I want to apologize to my cat-folk friends (who are many and lovely) for slandering all felines re: rabbit stalking. When I ranted about the cat attack I was still very much caught up in the surreal, post-rescue mindset. Despite the vitriol of my previous post, I am not an anti-cat person. I've spent time with some very nice cats, and have enjoyed many hours of being a kitty "auntie" as a cat-sitter. I enjoy kitty antics and have immense respect for kitties' independence and cunning. As Alan Weisman points out in The World Without Us, it's cats that would survive an apocalypse whereas dogs are likely to go the way of their doomed owners.

Monday, July 20, 2009

Cat is My Nemesis

On my way home from a dinner party last night, I crossed paths with one of the neighborhood cats. I know this particular Siamese well, and until yesterday we were on friendly terms. The cat crouched, utterly still, beneath the dull yellow wash of a street lamp. I started to say "hello" to Miss Kitty, when I noticed the cat's attention was fixed on something else.

I got closer and saw that the cat had cornered a tiny infant rabbit. Baby bunny was hunched up and terrified. I moved to intervene and the cat grabbed the baby bunny and ran.

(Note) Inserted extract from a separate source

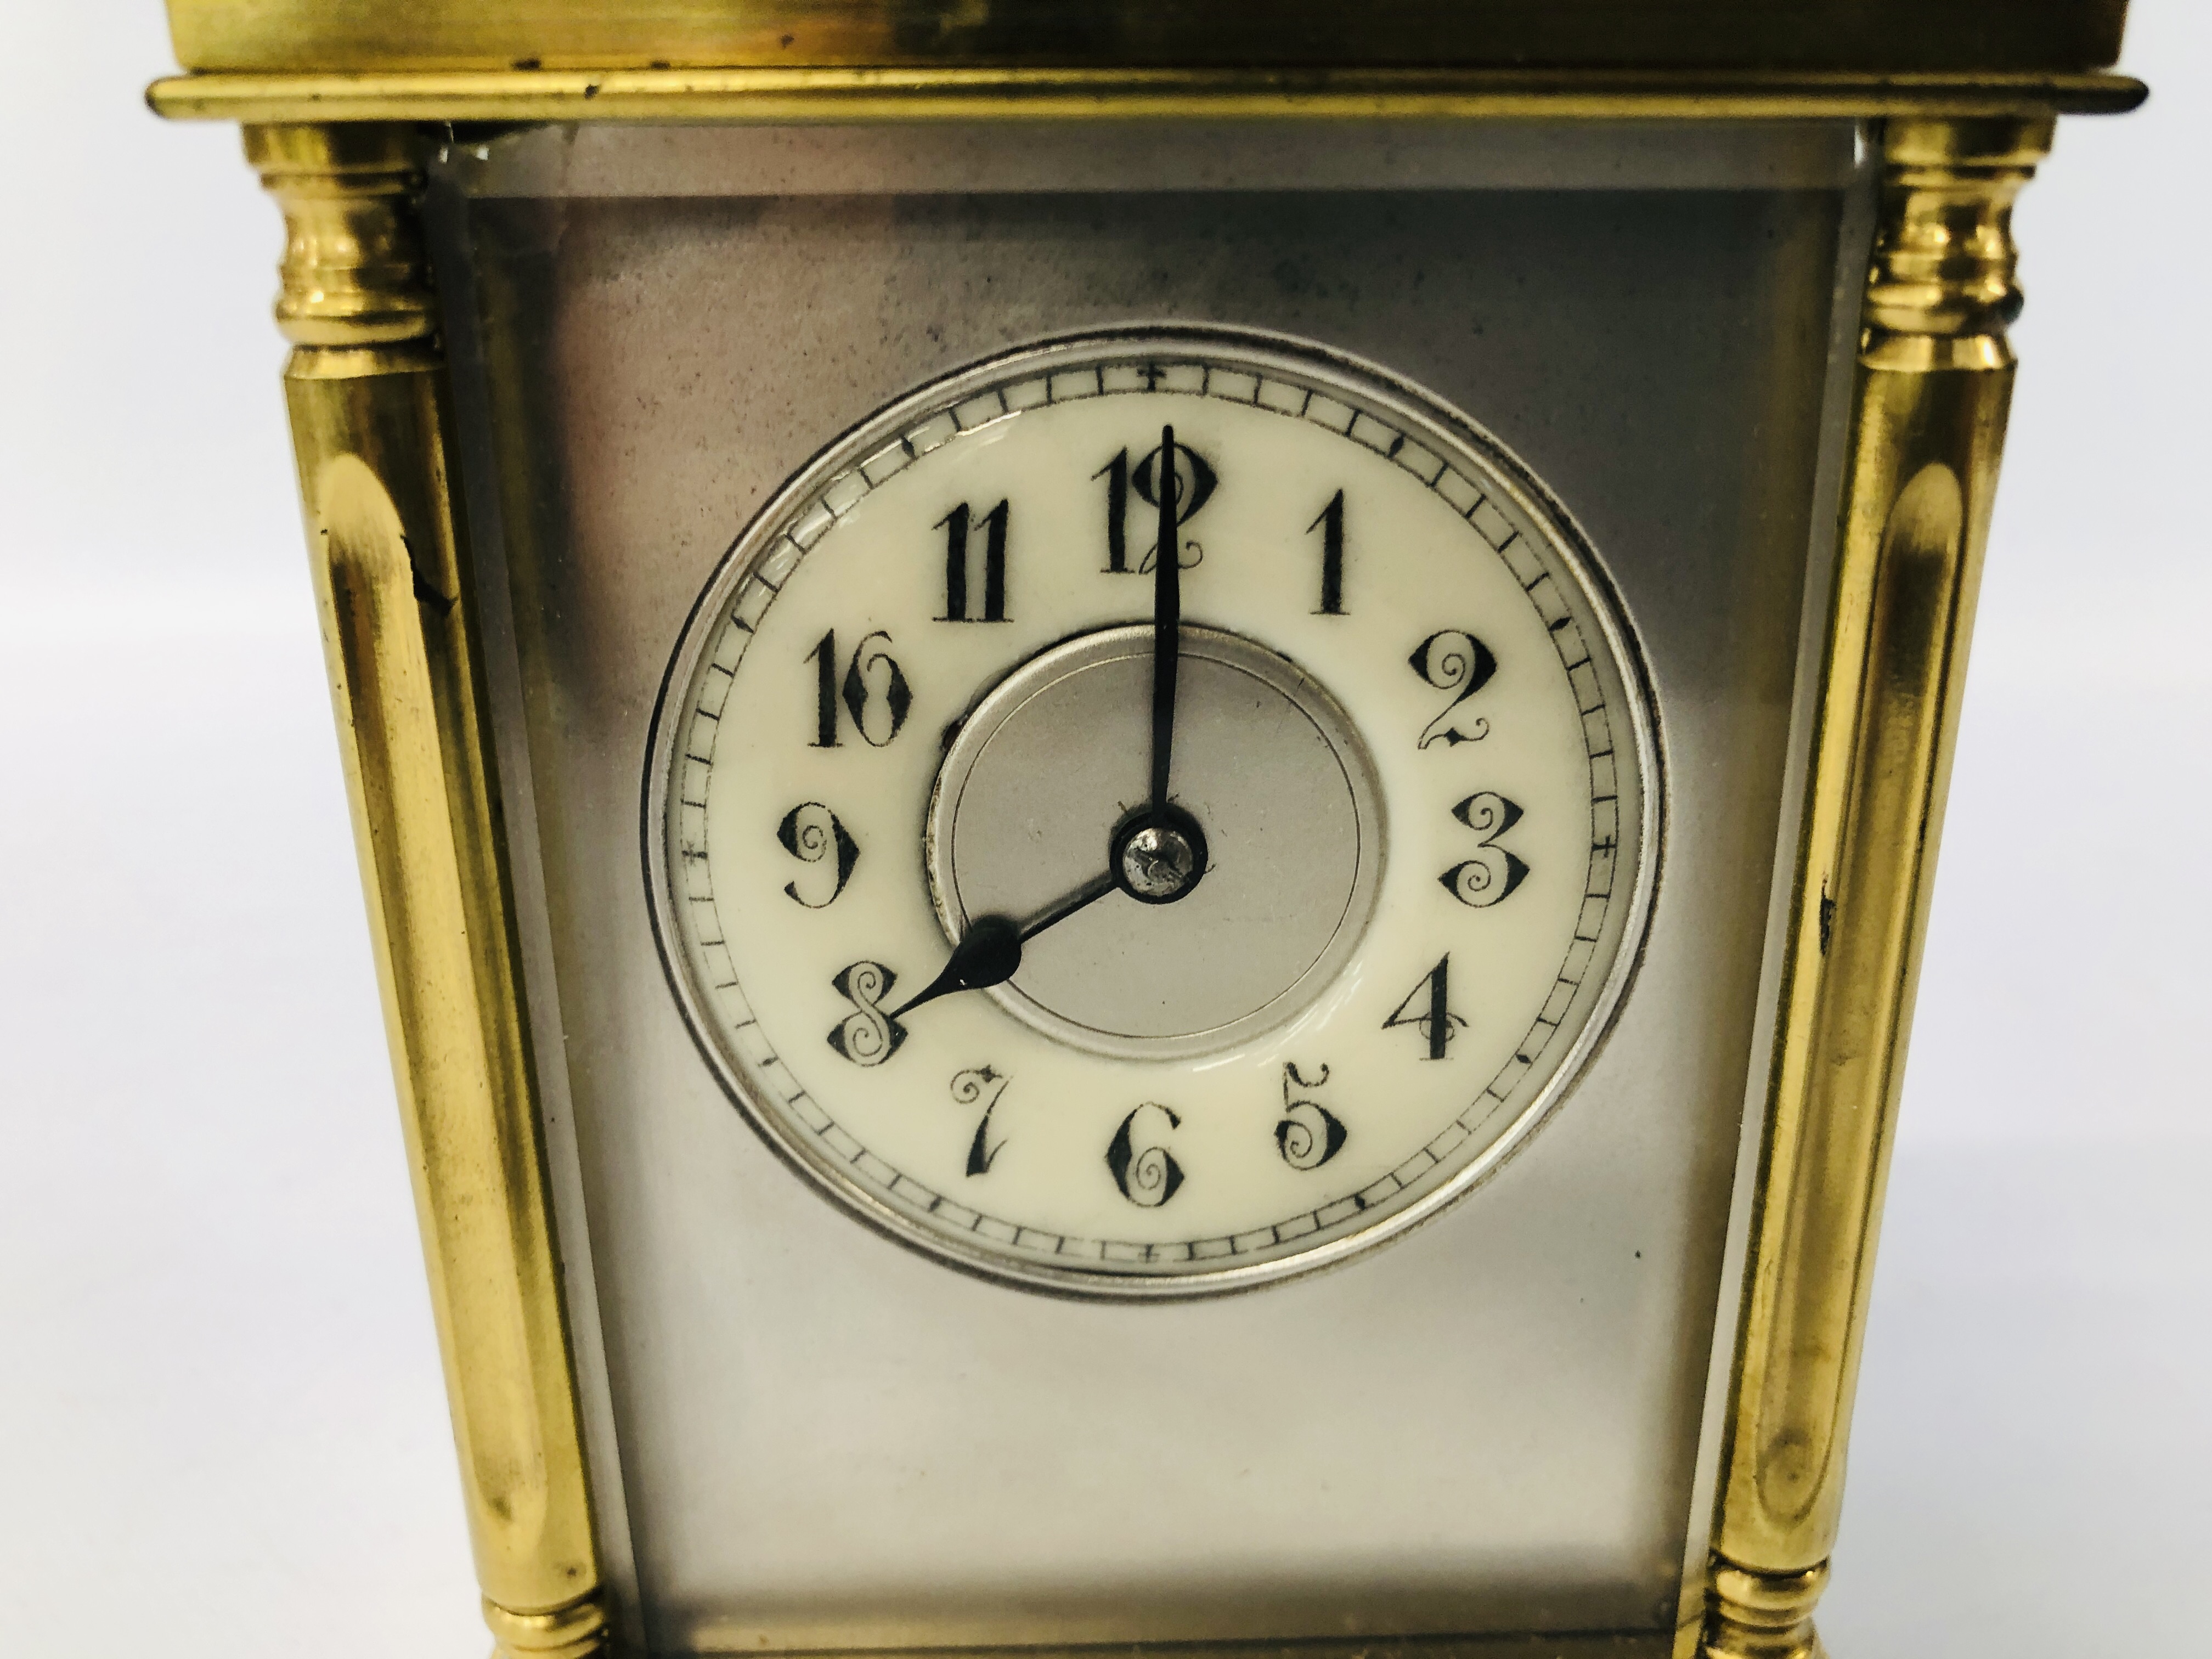 ANTIQUE BRASS CARRIDGE CLOCK WITH ENAMELLED FACE (REQUIRES ATTENTION TO THE REAR GLASS) H 14CM. - Image 3 of 9

I had never heard a rabbit scream. I didn't know rabbits could scream. But this tiny bunny screamed when the cat's teeth locked on its neck. The keening wail broke my heart. I tore down the street after the cat, shrieking like a banshee, commanding the cat to stop, thinking I was crazy and the rescue effort hopeless. But about two blocks down the cat did stop in a lawn and dropped the rabbit. It resumed the crouched, deadly watchful stance in which I'd first encountered it.

I crept across the dark lawn and lunged for the baby rabbit, this time managing to scoop up the kit before the cat could get it again. I cradled the baby against my chest and carried it home with me; both our hearts were pounding and I was close to tears.

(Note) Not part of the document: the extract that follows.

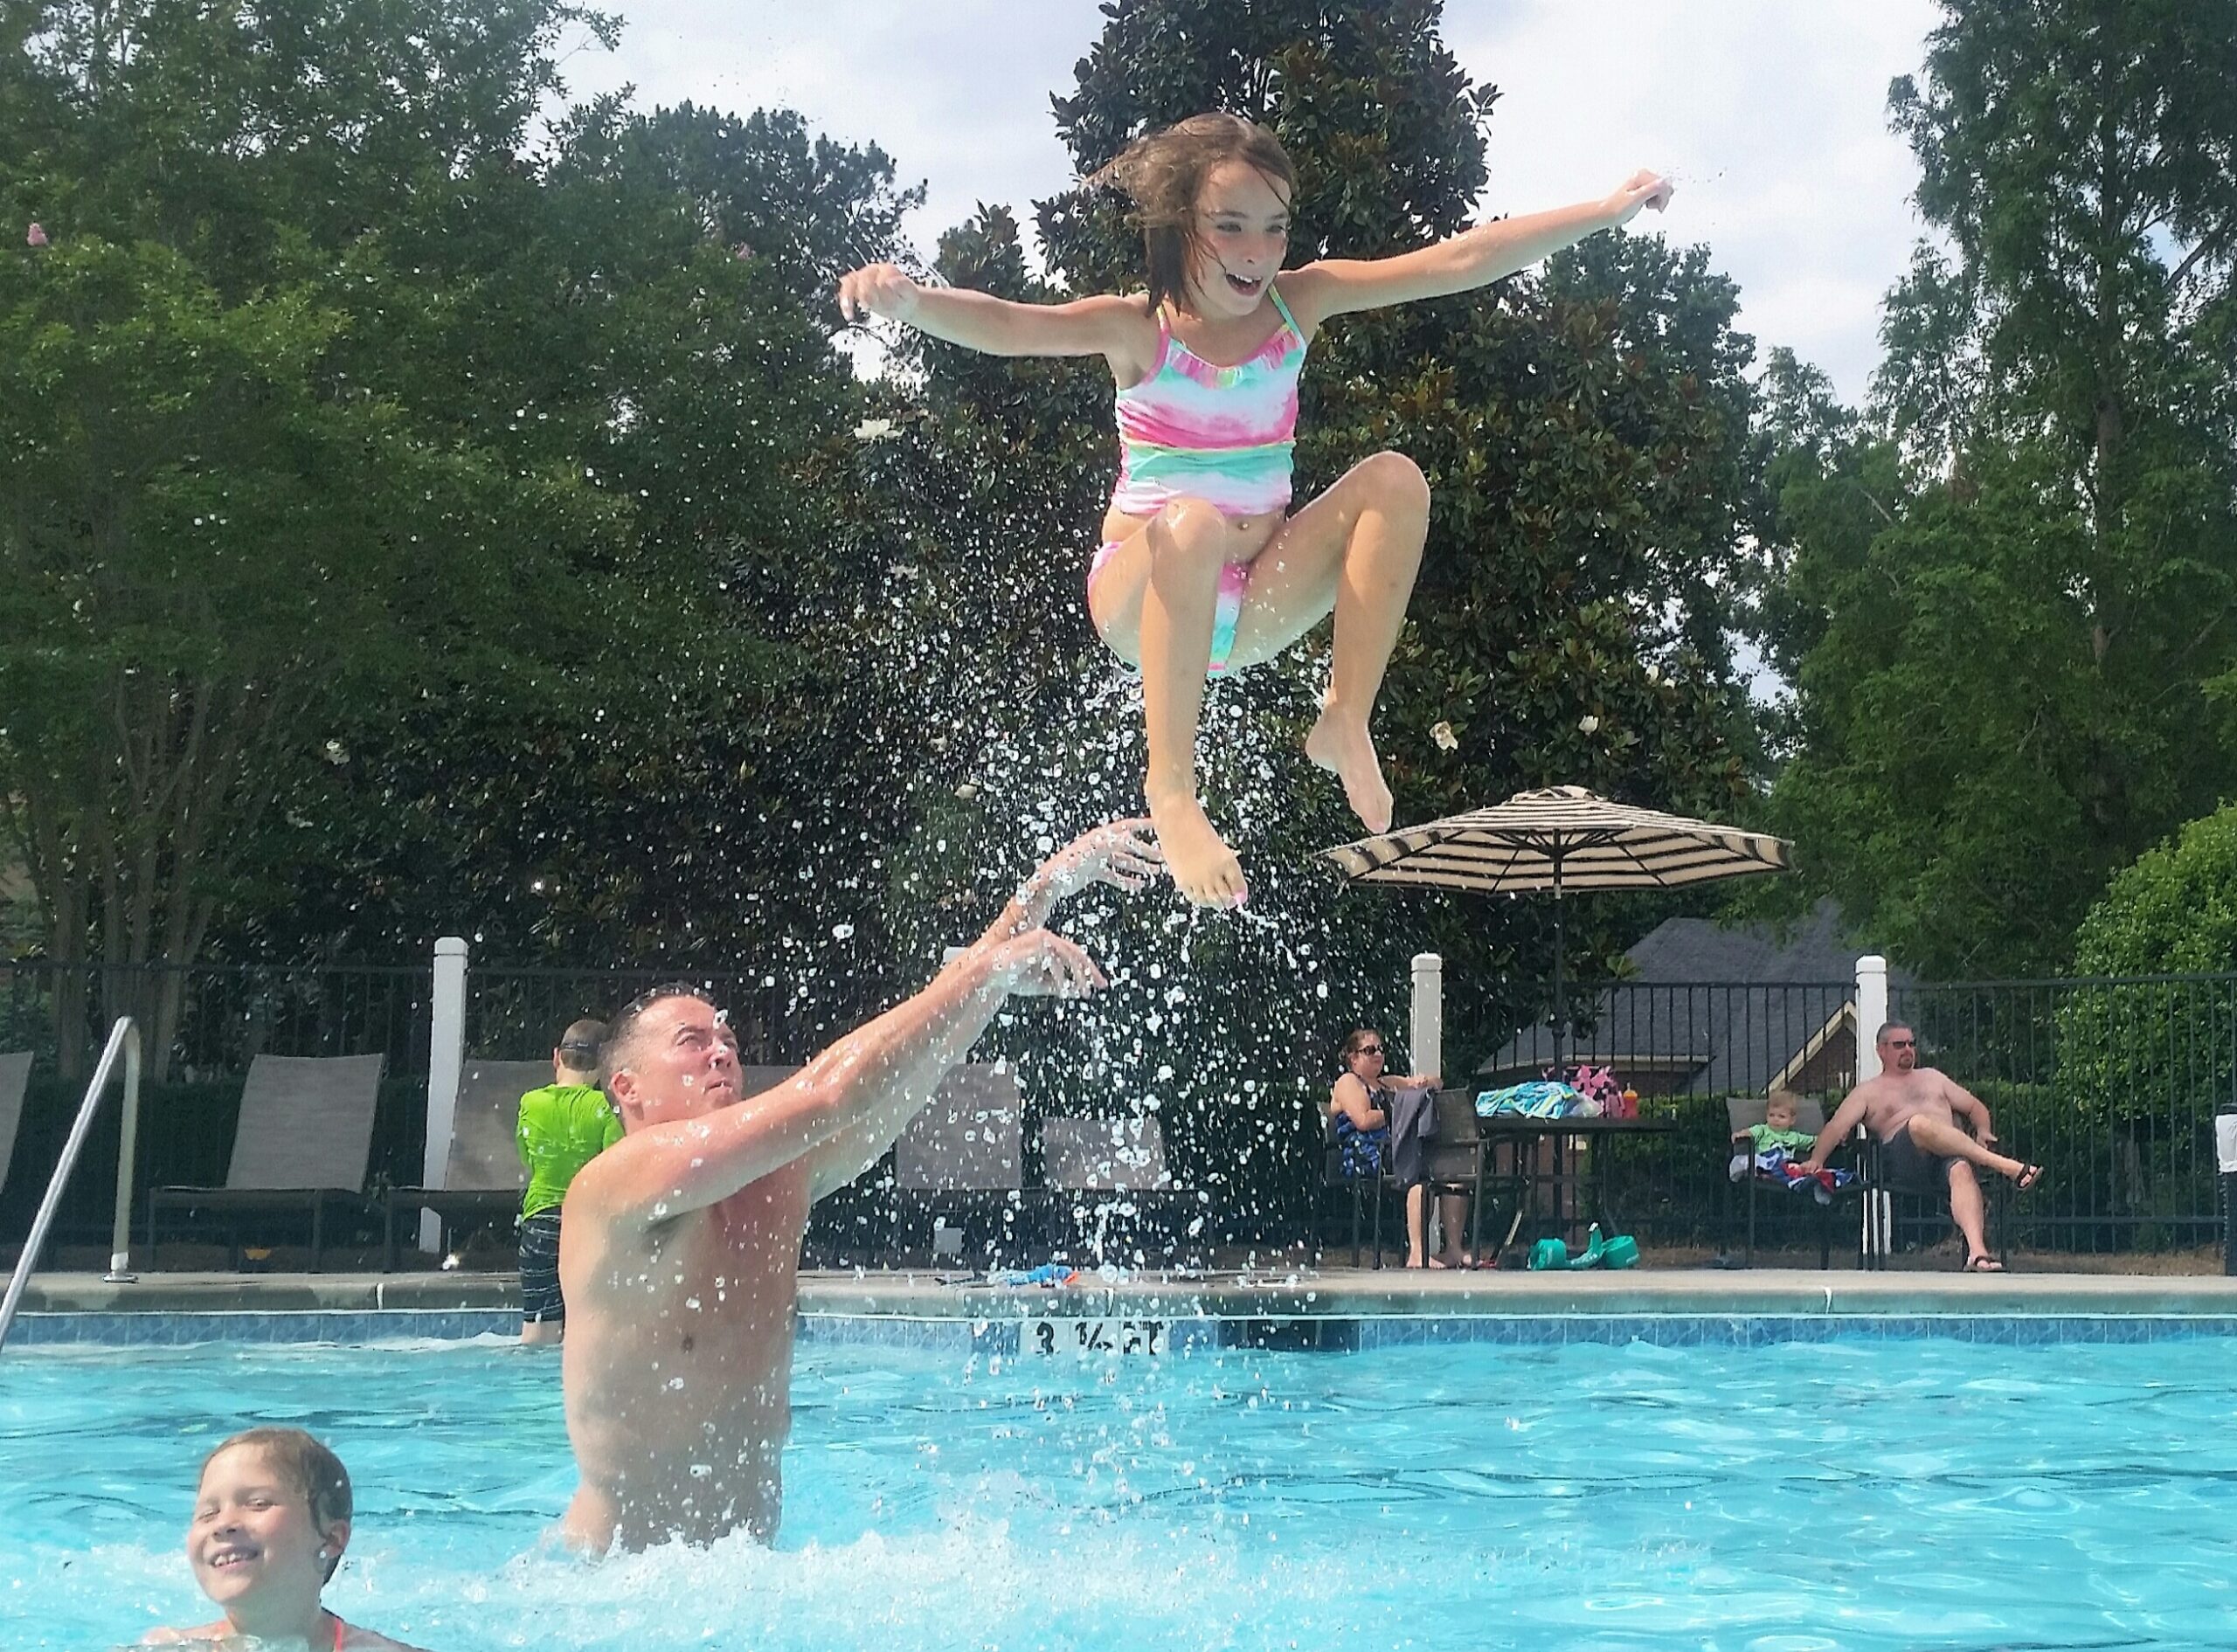 Dad throwing his daughter into the pool

When I arrived home my husband saw me and the rabbit and said "Wow, you saved the rabbit. I thought it was dead for sure."

Apparently my husband had tried to get the baby bunny away from the cat over an hour earlier without success. With this knowledge and what I read soon after on the internet - that domestic cats, not having to kill to eat, will torment their prey for hours - I was doubly glad I chanced upon stalker and stalked on my way home.

I'm even less of a cat person now than I was before.

And Dandelion is recovering at our house.
From his (I actually don't know the baby's sex, I figure s/he's been through enough without being subjected to a sex-determining inspection) size I think he's two or three weeks old. That's the age babies wander a little ways from their nest at night to find their own food in addition to nursing. I'm guessing that's when the cat snatched him.

Since I don't know where the nest or mother is I'm taking in this little orphan till he's grown to cat-beating size. Dandelion is named after one of the characters from my favorite novel, Watership Down, he's the story-telling rabbit who regales the others with the myths and lore of the rabbit world. Dandelion is a sweet little guy, who likes to climb up underneath my hair and go to sleep in the nook between my neck and shoulder.I've never had a rabbit before, I hope I do okay as surrogate mom.